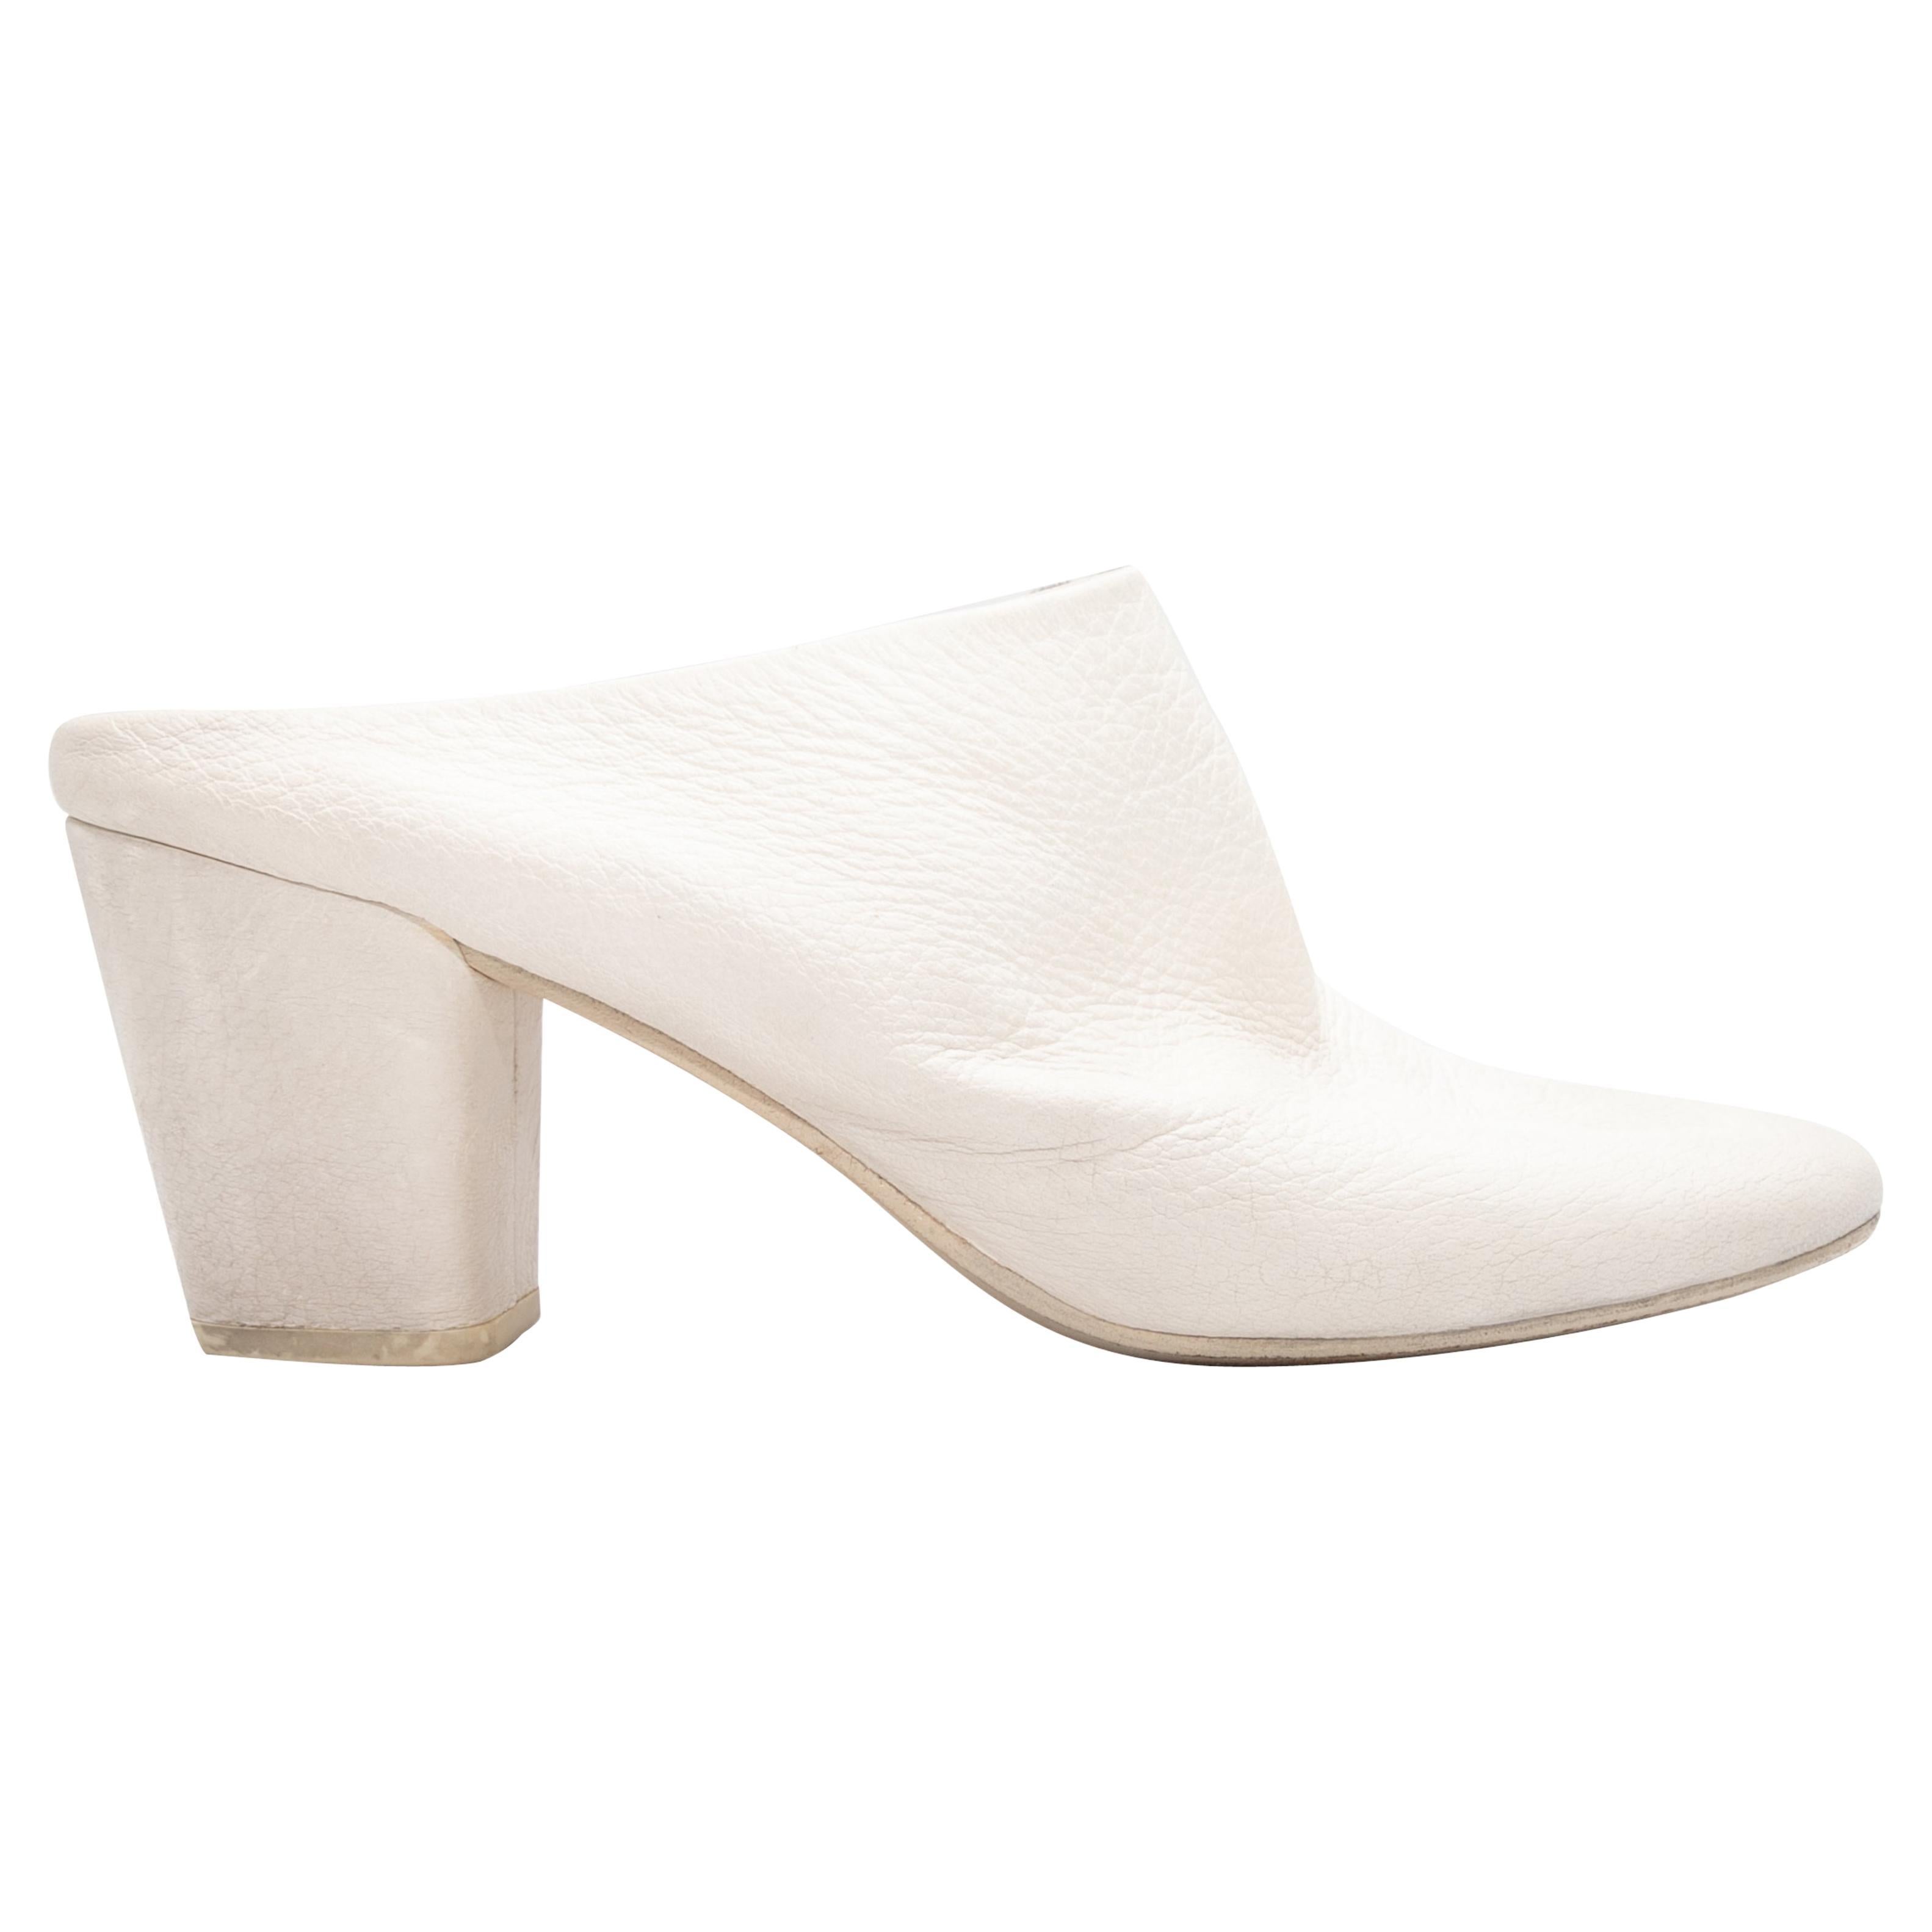 White Marsell Leather Heeled Mules Size 38
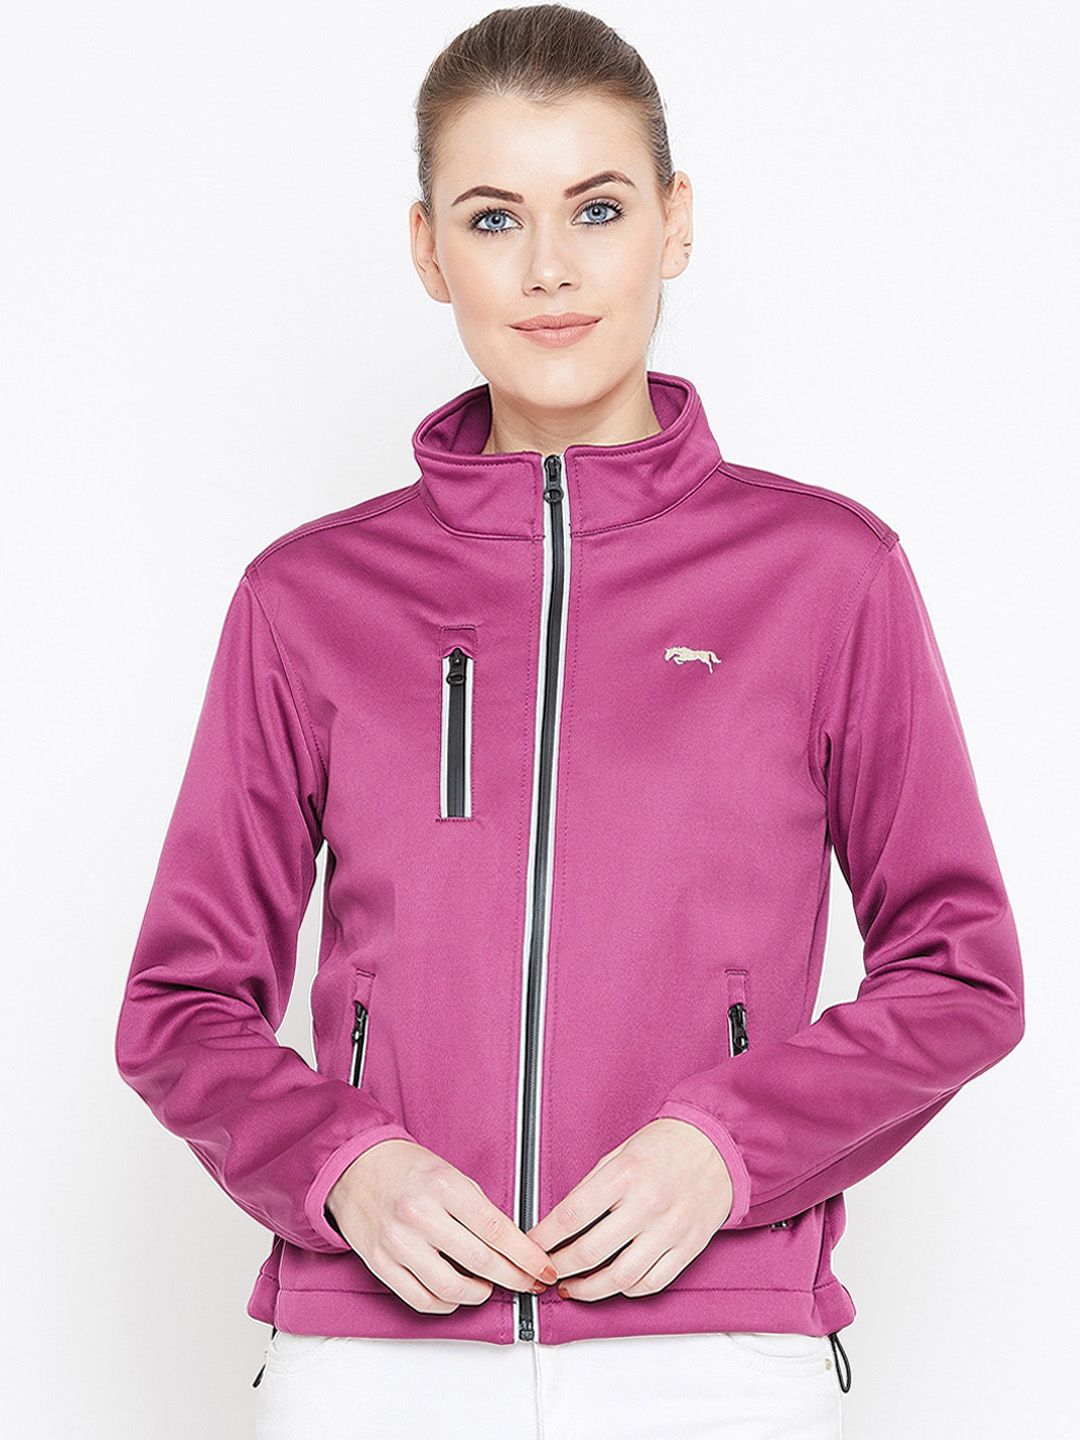 JUMP USA Women Maroon Training or Gym Tailored Jacket Price in India
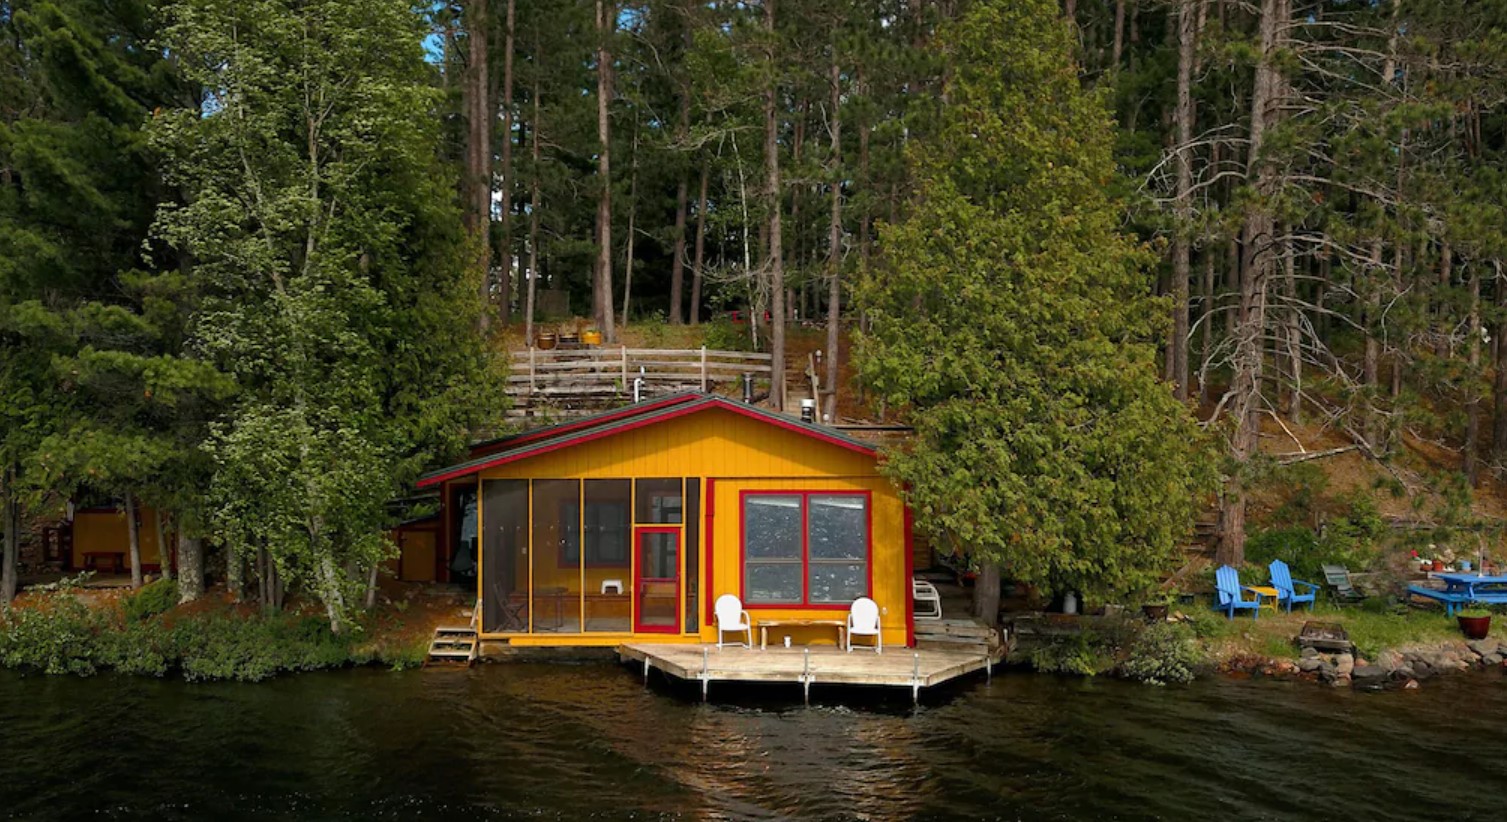 One of the best cabins in Minnesota that is right on the lake surrounded by a dense forest

━━━━━━━━━━━━━━━━

Would you copy out the data exactly, leaving every picture out?

**EXERCISE RESULT:**
 White Marsell Leather Heeled Mules Size 38
 JUMP USA Women Maroon Training or Gym Tailored Jacket Price in India
 One of the best cabins in Minnesota that is right on the lake surrounded by a dense forest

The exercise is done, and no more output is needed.